The pH is adjusted to 7.2-7.5 with NaOH.
After autoclaving at 121 ° C. for 20 minutes, ampicillin sodium (Wako) was added to a final concentration of 100 ug / ml when the medium temperature dropped to about 60 ° C.

  For plasmid extraction from E. coli, a plasmid extraction kit HiYield Plasmid Mini Kit (RBC) was used. E. coli cultured overnight in 3 ml of LA liquid medium was transferred to a round bottom 2 ml tube (eppendorf) and collected by centrifugation at 3000 rpm for 3 minutes at room temperature. 200 μl of PDA1 was added and completely suspended. Subsequently, 200 μl of PDA2 was added and the mixture was tumbled 10 times, and then allowed to stand for 2 minutes. Then, 300 μl of PDA3 was added and stirred well. After centrifugation at 15000 rpm for 10 minutes at room temperature, the supernatant was transferred to a filter column. After the solution was filtered by suction, 400 μl of W1 buffer was added and suction filtered. Subsequently, 600 μl of Wash buffer was added and suction filtered. The filter column was transferred to an empty column and centrifuged at 15000 rpm for 1 minute at room temperature. The filter column was transferred to a new 1.5 ml microtube, 30 μl of Elution buffer was added and allowed to stand for 1 minute. The solution was centrifuged at 15000 rpm for 1 minute at room temperature, and the filtrate was used as a plasmid solution.

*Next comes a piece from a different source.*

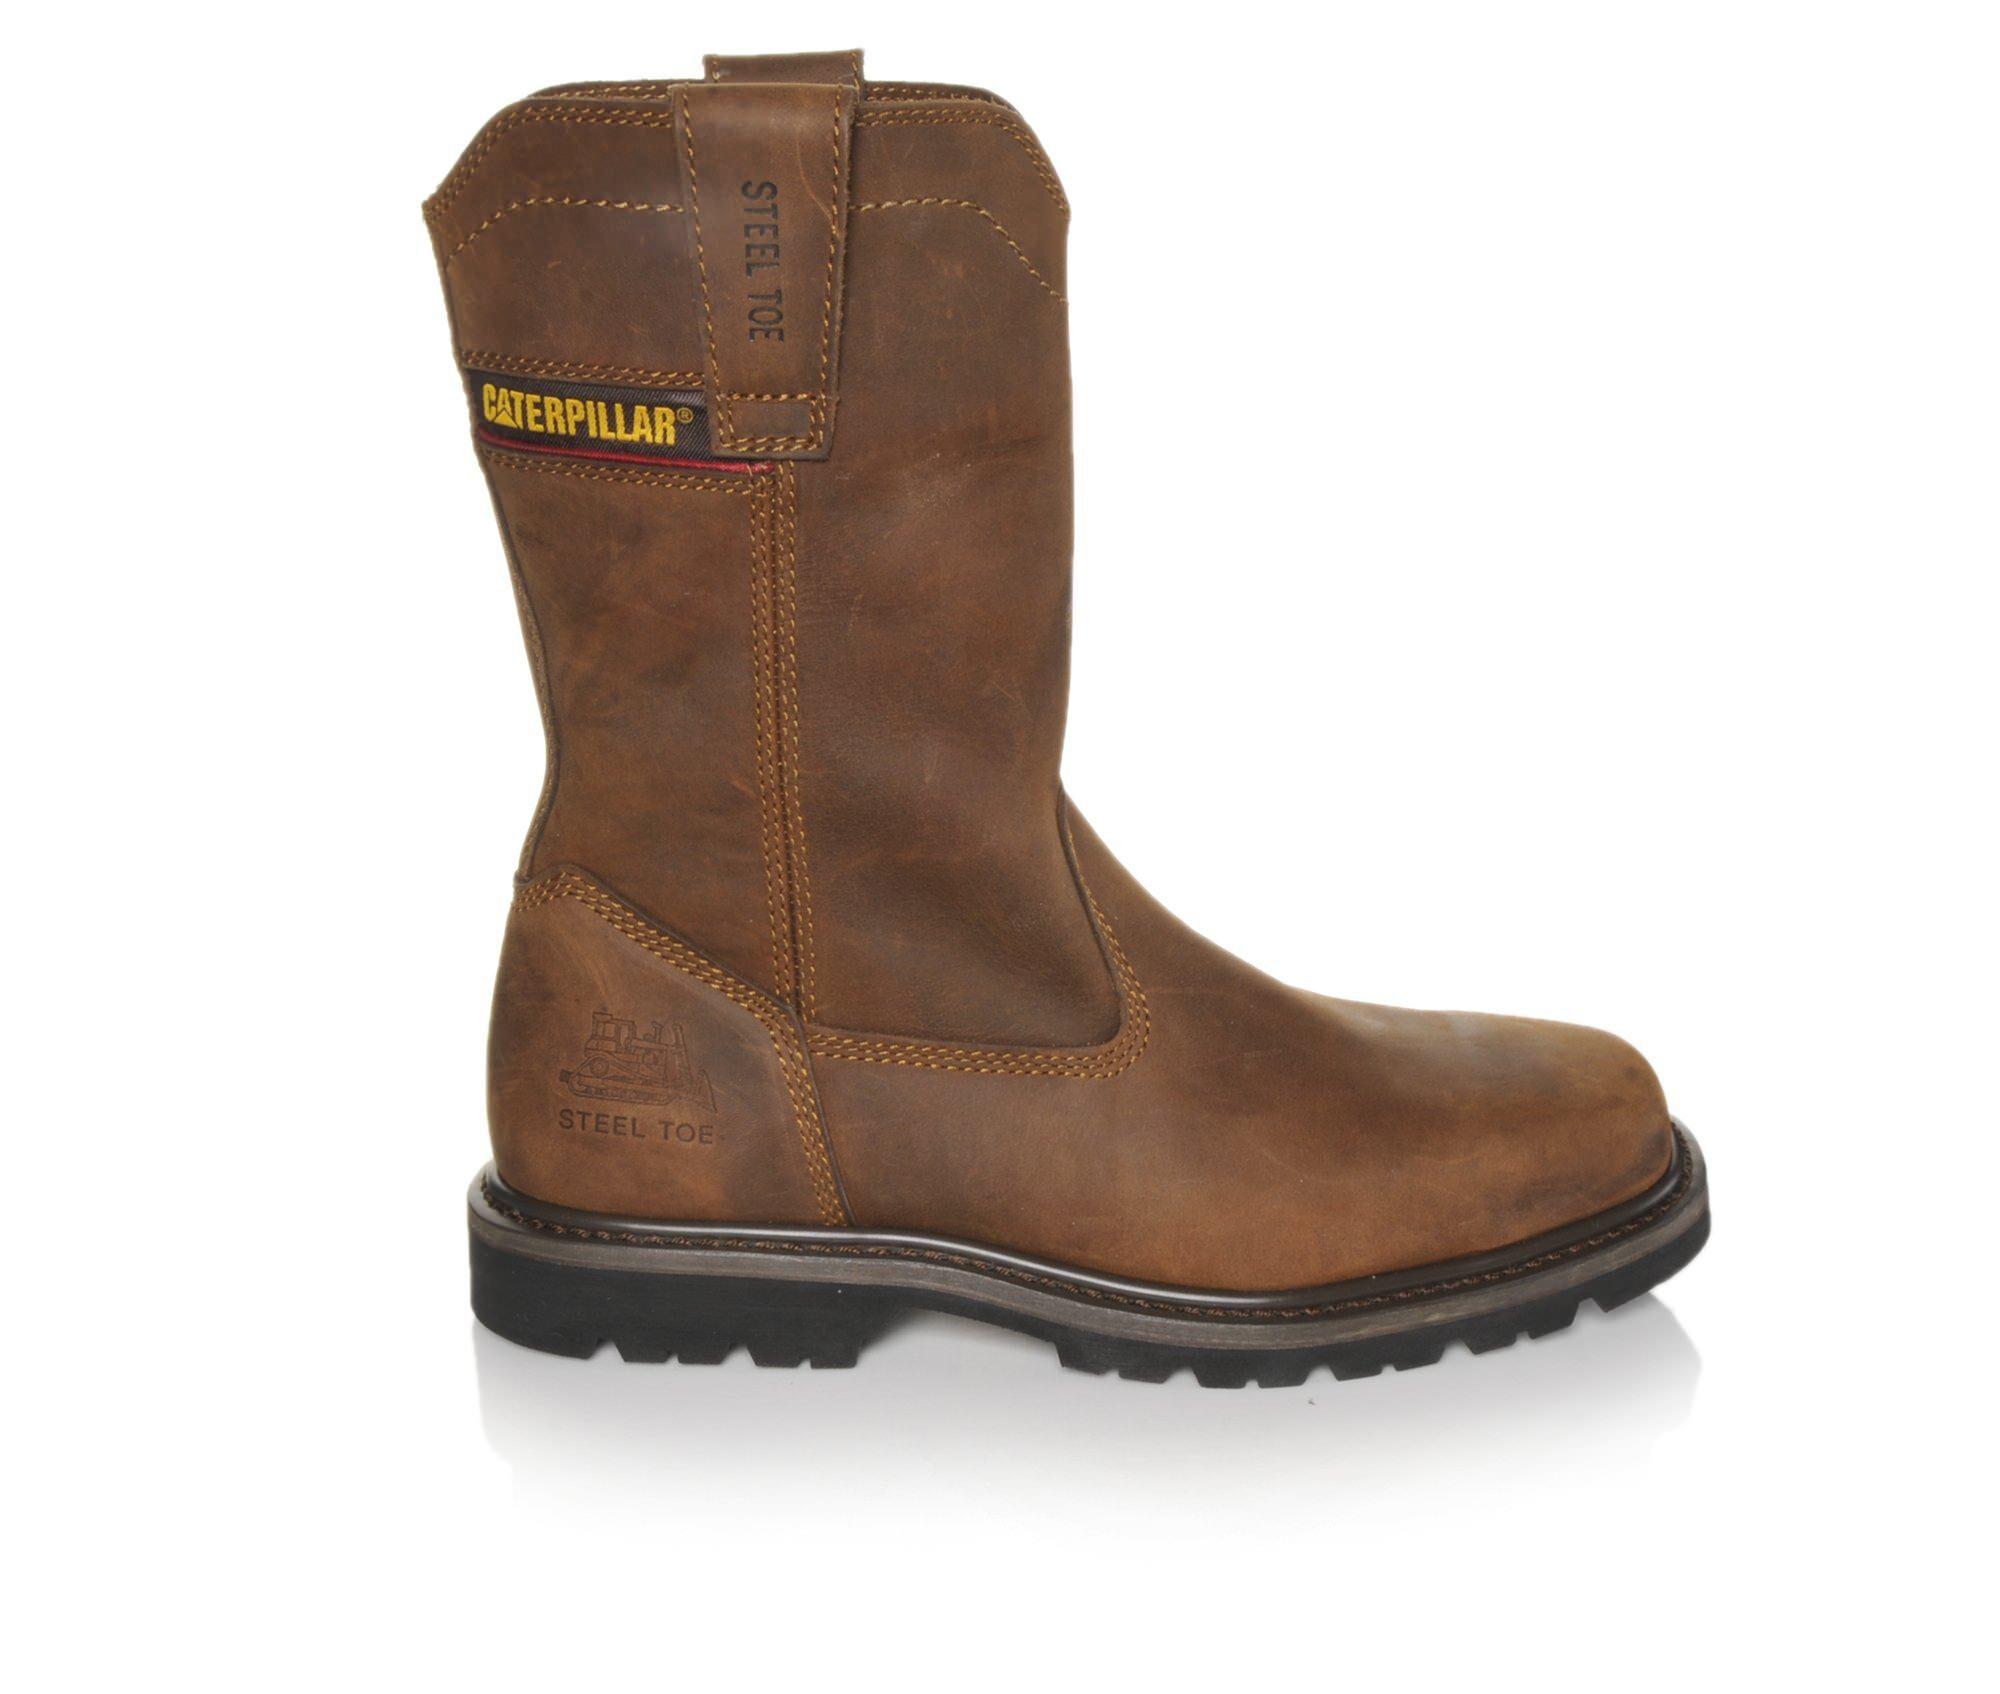 Men's Caterpillar Wellston Steel Toe Work Boots Dark Brown

  The sequencer used was an ABI 3130 DNA sequencer. For the PCR reaction solution, 2 μl (200 to 400 ng) of plasmid DNA solution, 0.3 μl of BigDye (ABI), 4 μl of 5 × Sequence Buffer (ABI), 0.25 μl of Primer (12.5 pmol / μl), The amount of ultrapure water was 13.45 μl. The PCR reaction was performed using a thermal cycler 9700 (ABI). PCR was performed by denaturing at 96 ° C. for 2 minutes, followed by 35 cycles of 96 ° C. for 10 seconds, 50 ° C. for 5 seconds, and 60 ° C. for 4 minutes.

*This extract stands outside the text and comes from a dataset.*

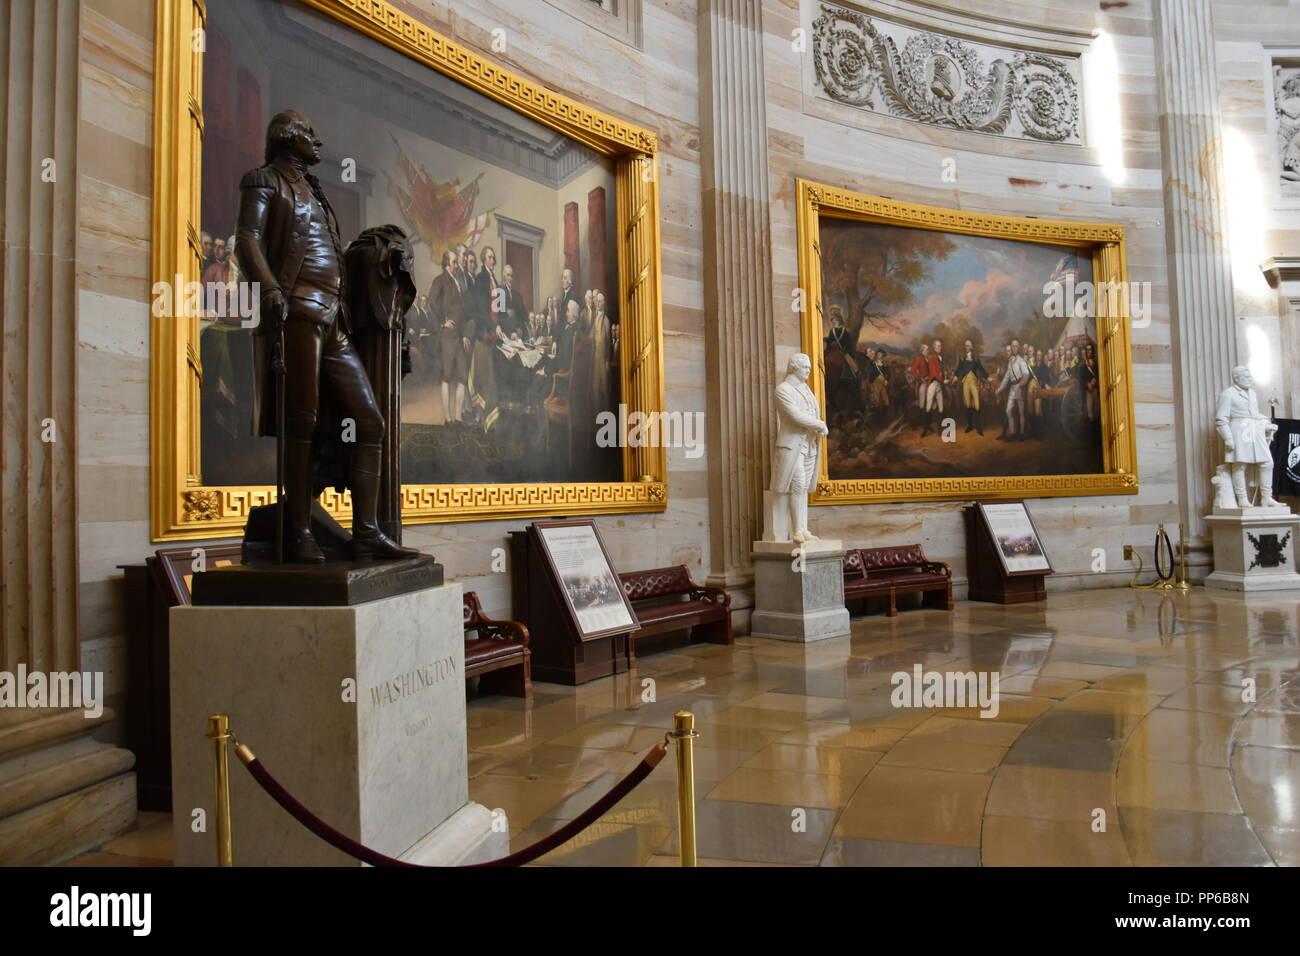 Sehenswürdigkeiten Gesehen Auf Der Tour Des United States Capitol

  Unreacted BigDye was removed using shephadex G-50 (GE Healthcare). 3 g of shephadex G-50 (Fine Grade) was placed in a 50 ml falcon tube, and 50 ml of ultrapure was added and allowed to stand overnight. Immediately before use, the Shepadex solution was mixed well and 300 μl was added to the multiscreen (GE Healthcare). The multiscreen was placed on a PCR plate and centrifuged at 1000 rpm at room temperature for 5 minutes. After centrifuging for 5 minutes, the center side and the outside of the plate were reversed and centrifuged at 1000 rpm at room temperature for 5 minutes. The multiscreen containing the gel was placed on a new PCR plate, and the sequence reaction product was applied to the center of the gel. Centrifugation was performed at 1000 rpm at room temperature for 5 minutes. The filtrate was subjected to a sequencer.

<Introduction of a plasmid in which the target gene has been inserted into yeast>
Plasmid transformation into yeast is described in H Ito, Y Fukuda, K Murata, and A Kimura (1983) “Transformation of
intact yeast cells treated with alkali cations. ”Journal of
bacteriology, 163-168 was partially modified.

First, yeast (W303-1A strain Genotype: MATa (leu2-3,112 trp1-1 can1-100
ura3-1 ade2-1 his3-11,15}) was cultured overnight at 30 ° C. in 3 ml of YPD medium to obtain a preculture solution. 3 ml of the preculture solution was added to 300 ml of Kolben (IWAKI) containing 100 ml of YPAD medium, and rotationally cultured at 30 ° C. and 90 rpm until OD ₆₀₀ = about 0.4 to 0.6. When OD ₆₀₀ was about 0.4 to 0.6, the cells were transferred to two 50 ml tubes (Labcon), and centrifuged at 3000 rpm for 2 minutes at room temperature to collect bacteria. The supernatant was discarded, rinsed once with 25 ml of sterilized water, and further collected to remove the supernatant completely. 2 ml of 0.1 M lithium acetate was added and suspended, and the cells were collected by centrifugation at 3000 rpm for 2 minutes at room temperature.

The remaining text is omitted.